Nicholas Nikitin, who is considered by some to be the most promising
of all, is certainly the most typical of the school of Zamyatin; his
style, overloaded with detail which swamps the outline of the story,
is disfigured by the deliberate research of unfamiliar provincial
idioms. Michael Zoshchenko is the only one who has, in a small way,
reached perfection in his rendering of the common slang of a private
soldier. But his art savours too much of a pastiche; he is really a
born parodist and may some day give us a Russian _Christmas Garland_.
The most striking feature of all these story-tellers is their almost
complete inability to tell a story.
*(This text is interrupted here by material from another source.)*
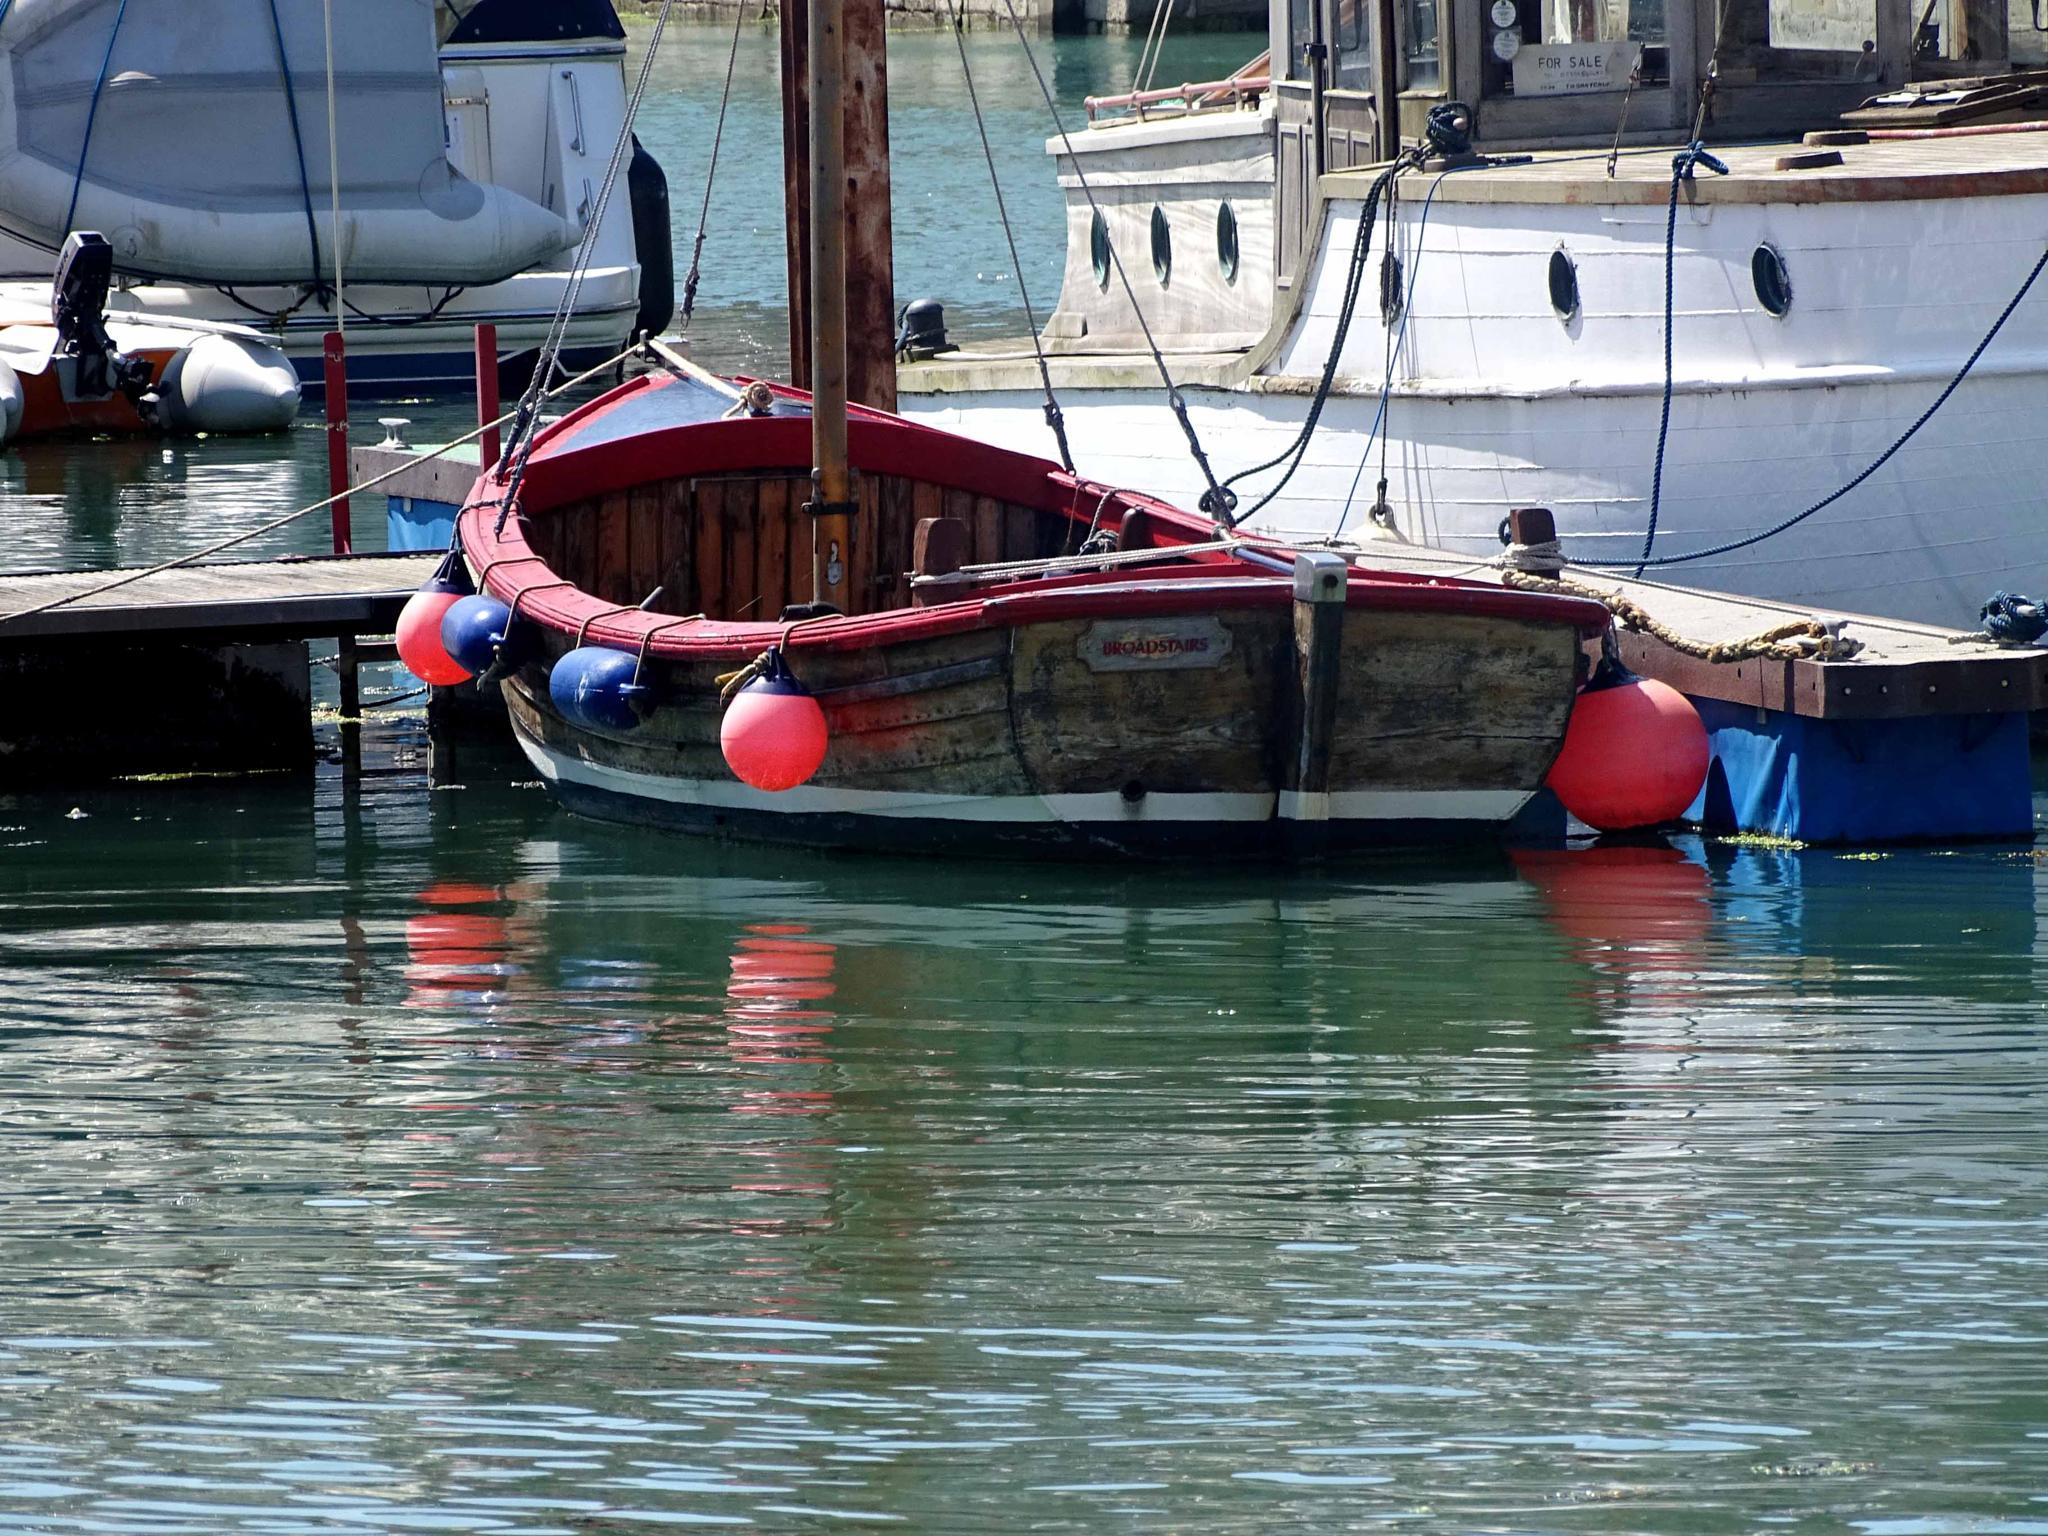 Ramsgate harbour Kent by JATTATIRVA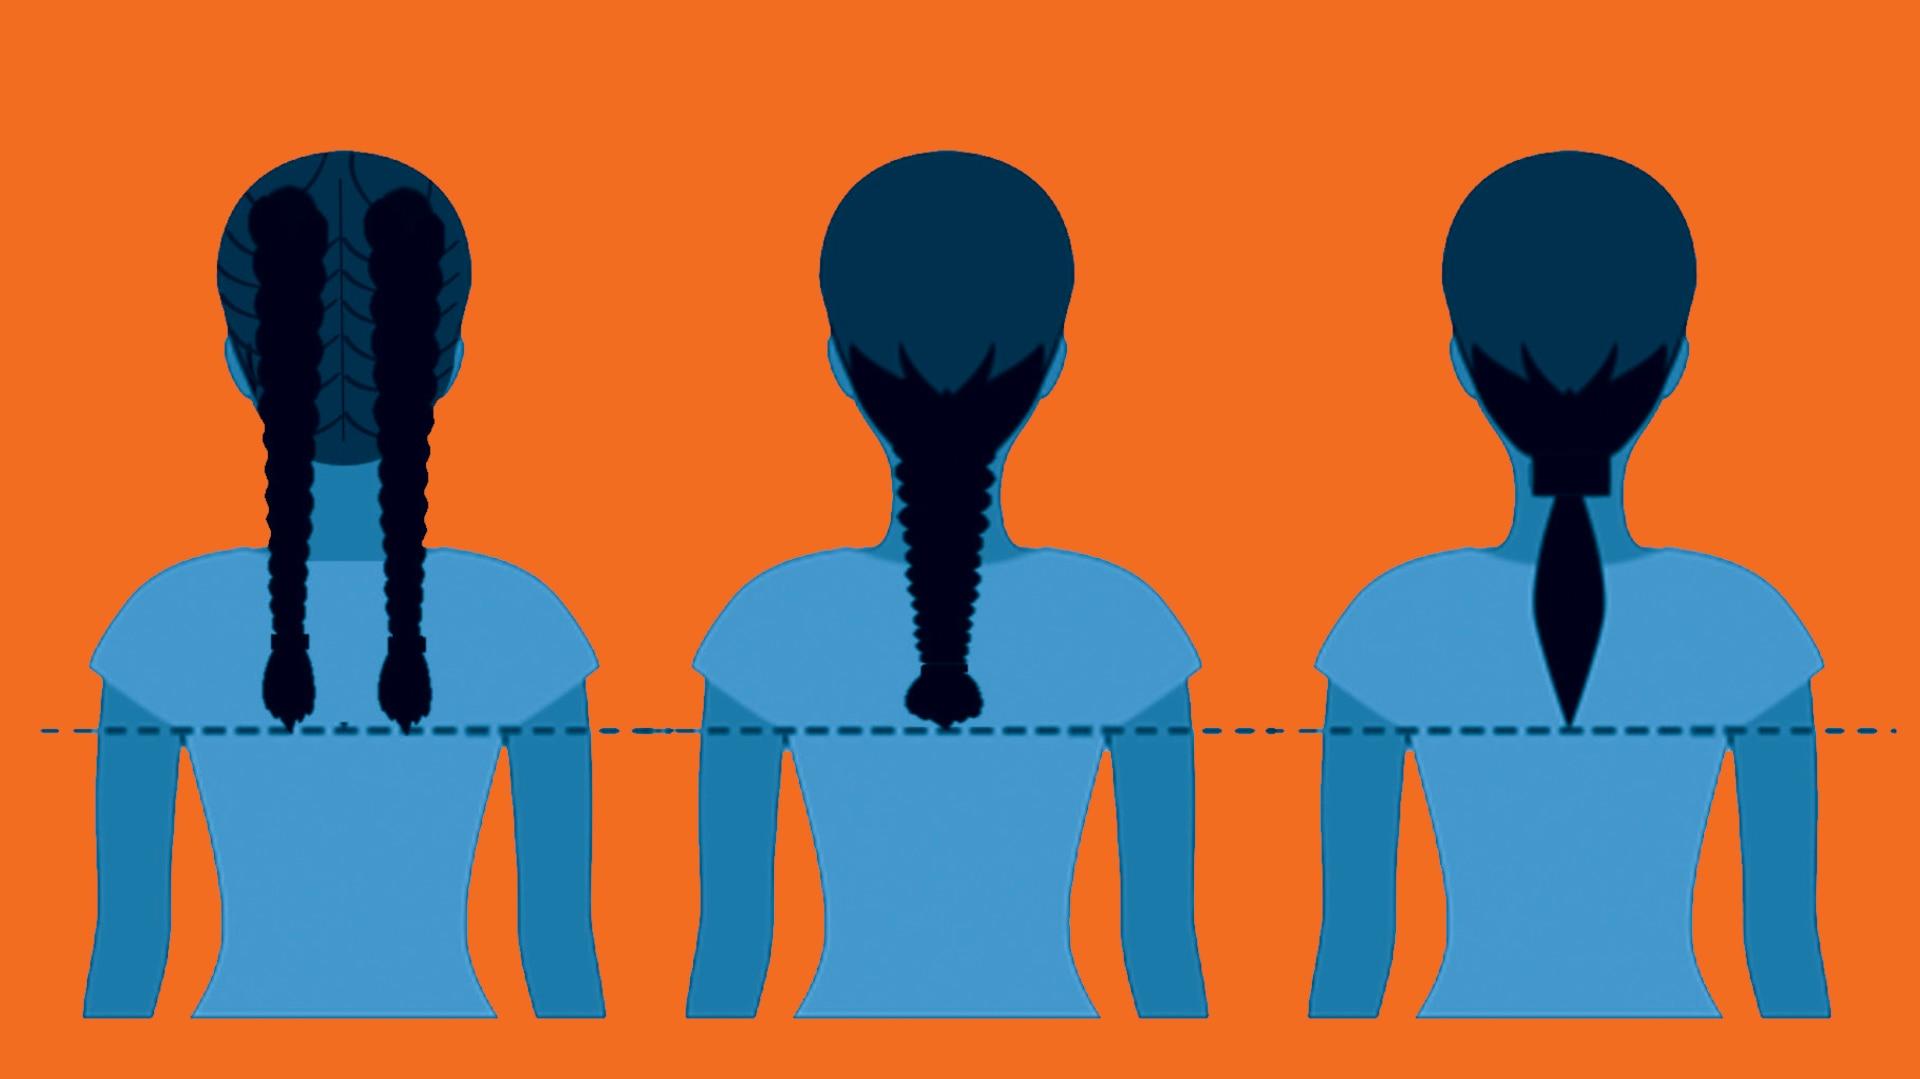 USCG now allows braids, ponytails.

And this in spite of their great
reverence for Leskov, the greatest of Russian story-tellers. But of
Leskov they have only imitated the style, not his art of narrative.
Miss Harrison, in her notable essay on the Aspects of the Russian
Verb, [Footnote: _Aspects and Aorists_, by Jane Harrison, Cambridge
University Press, 1919.] makes an interesting distinction between the
"perfective" and "imperfective" style in fiction. The perfective is
the ordinary style of an honest narrative. The "imperfective" is
where nothing definitely happens but only goes on indefinitely
"becoming." Russian Literature (as the Russian language, according to
Miss Harrison) has a tendency towards the "imperfective.